A package with implementations of some methods in recommendation
Project description
RecHub
Implementations of some methods in recommendation.
Models
Model | Full name | Type | Paper |
---|---|---|---|
NCF | Neural Collaborative Filtering | Non-graph | https://arxiv.org/abs/1708.05031 |
GCN | Graph Convolutional Networks | Homogeneous graph | https://arxiv.org/abs/1609.02907 |
LightGCN | Light GCN | Homogeneous graph | https://arxiv.org/abs/2002.02126 |
GAT | Graph Attention Networks | Homogeneous graph | https://arxiv.org/abs/1710.10903 |
NGCF | Neural Graph Collaborative Filtering | Homogeneous graph | https://arxiv.org/abs/1905.08108 |
HET-GCN | / | Heterogeneous graph | / |
HET-LightGCN | / | Heterogeneous graph | / |
HET-GAT | / | Heterogeneous graph | / |
HET-NGCF | / | Heterogeneous graph | / |
Note: we define the heterogeneous graph as a graph with different types of edges instead of a graph with different types of edges or nodes. Thus, for a common user-item bipartite graph, although more than one types of node exist, we still think it as a homogeneous graph.
WIP
- DeepFM
- DSSM
- LightGCN
- DiffNet
- DiffNet++
- DANSER
- GraphRec
Requirements
- Linux-based OS
- Python 3.6+
Get started
Install RecHub
Install from https://pypi.org/:
pip install rechub
Or install manually:
git clone https://github.com/yusanshi/RecHub.git
cd RecHub
pip install .
Install DGL
Note one of the most important dependencies for RecHub, DGL, will not be automatically installed while installing RecHub. You should manually install CPU or CUDA build of DGL.
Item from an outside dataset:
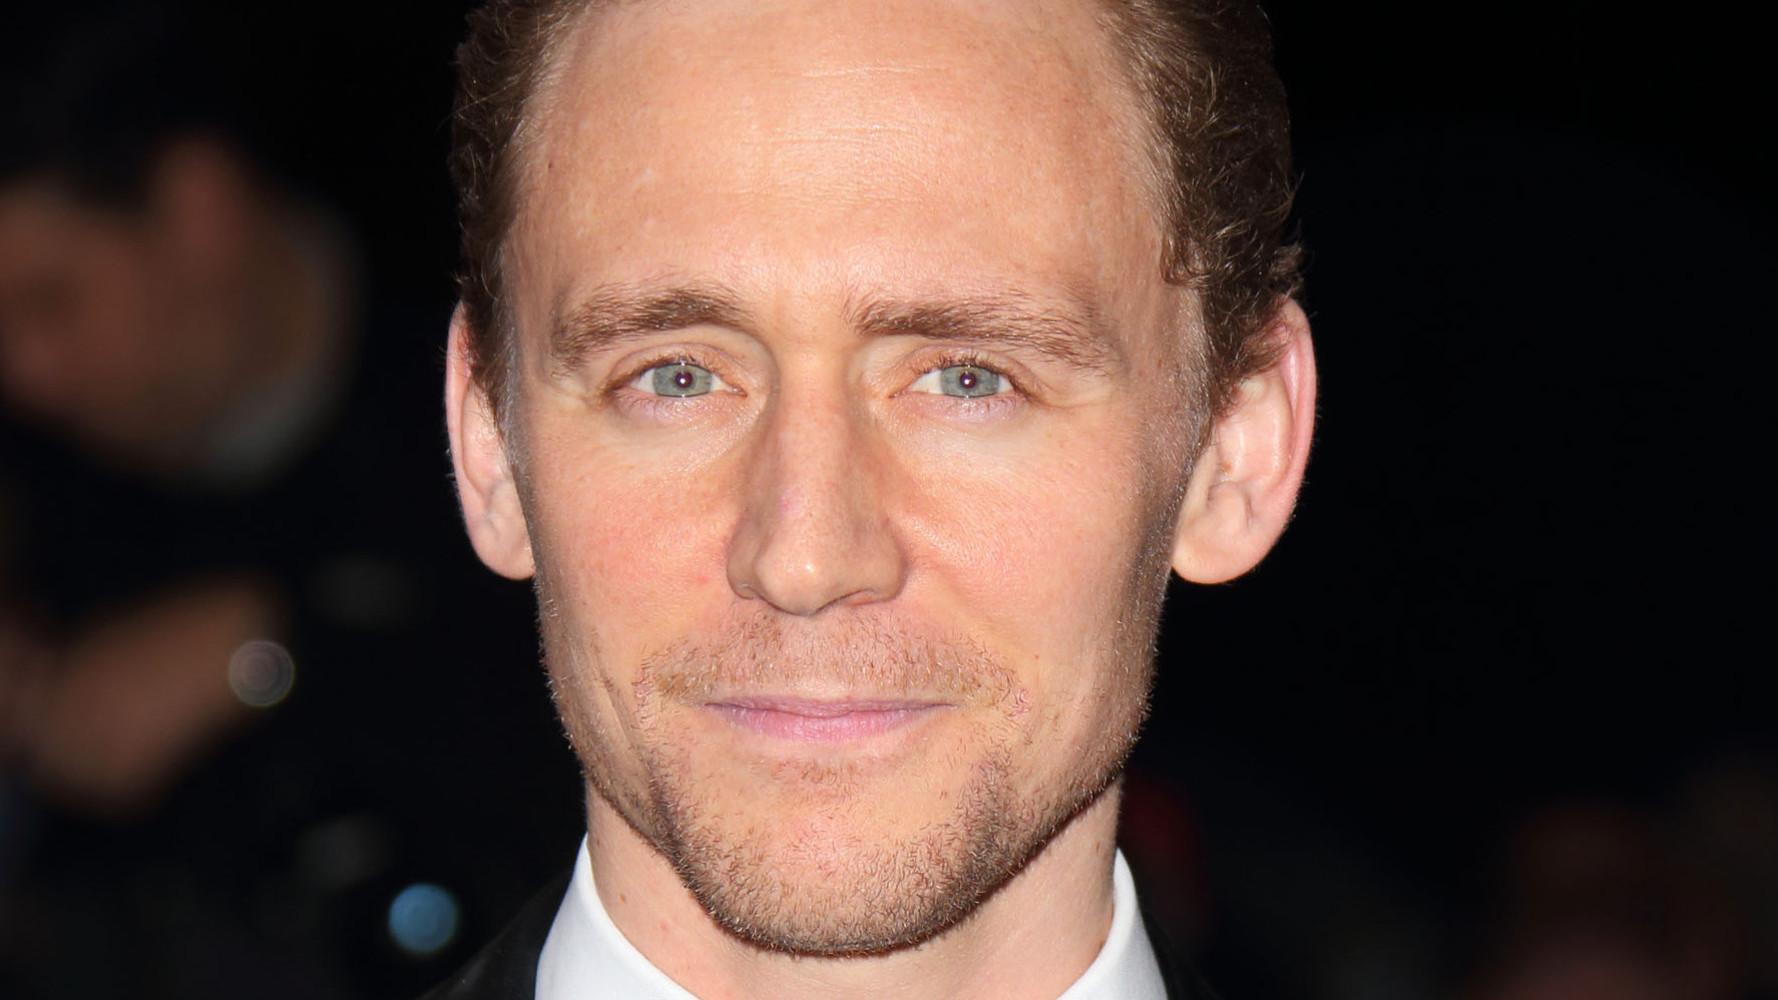 Tom Hiddleston gecast als Hank Williams in biopic 'I Saw the Light'

# This is for CPU version. For CUDA version, use dgl-cu[xxx]
pip install dgl # or dgl-cu92, dgl-cu101, dgl-cu102, dgl-cu110 for CUDA 9.2, 10.1, 10.2, 11.0, respectively.
Check out the instructions on https://www.dgl.ai/pages/start.html for more details.
If there are any problems with later commands, try to install this specific version:
pip install dgl==0.5.3 # or CUDA version: dgl-cu[xxx]==0.5.3
Download the dataset
Here we use the LSEC-Small dataset used in our work LSEC-GNN. It is a dataset featuring live stream E-commerce.
Create an empty directory as our ROOT_DIRECTORY
. Then:
# In ROOT_DIRECTORY
mkdir data && cd data
wget https://github.com/yusanshi/LSEC-GNN/files/6520753/LSEC-Small-aa.dummy.gz \
https://github.com/yusanshi/LSEC-GNN/files/6520754/LSEC-Small-ab.dummy.gz \
https://github.com/yusanshi/LSEC-GNN/files/6520757/LSEC-Small-ac.dummy.gz \
https://github.com/yusanshi/LSEC-GNN/files/6520760/LSEC-Small-ad.dummy.gz
cat LSEC-Small-* | tar -xzvf -
Write the metadata file
We use a metadata file to define the nodes, edges for the graph and the tasks. For LSEC-Small dataset, create ROOT_DIRECTORY/metadata/LSEC.json
as follows:
{
"graph": {
"node": [
{
"filename": "item.tsv",
"attribute": []
},
{
"filename": "user.tsv",
"attribute": []
},
{
"filename": "streamer.tsv",
"attribute": []
}
],
"edge": [
{
"filename": "user-item-buy.tsv",
"weighted": false
},
{
"filename": "user-streamer-follow.tsv",
"weighted": false
},
{
"filename": "streamer-item-sell.tsv",
"weighted": false
}
]
},
"task": [
{
"filename": "user-item-buy.tsv",
"type": "top-k-recommendation",
"loss": "binary-cross-entropy",
"weight": 1
}
]
}
Run
# In ROOT_DIRECTORY
# Train
python -m rechub.train \
--dataset_path ./data/LSEC-Small/ \
--metadata_path ./metadata/LSEC.json \
--model_name HET-GCN \
--embedding_aggregator concat \
--predictor mlp \
--edge_choice 0 1 2 \
--save_checkpoint True \
--checkpoint_path ./checkpoint/
# Load latest checkpoint and evaluate on the test set
python -m rechub.test \
--dataset_path ./data/LSEC-Small/ \
--metadata_path ./metadata/LSEC.json \
--model_name HET-GCN \
--embedding_aggregator concat \
--predictor mlp \
--edge_choice 0 1 2 \
--checkpoint_path ./checkpoint/
You can visualize the metrics with TensorBoard.
tensorboard --logdir runs
Tip: by adding
REMARK
environment variable, you can make the runs name in TensorBoard and log file name more meaningful. For example,REMARK=lr-0.001_attention-head-10 python -m rechub.train ...
.
Development
Use your own dataset
Using LSEC-Small dataset as the example, here we demonstrate the dataset format. After this section, you can convert your own dataset into this format.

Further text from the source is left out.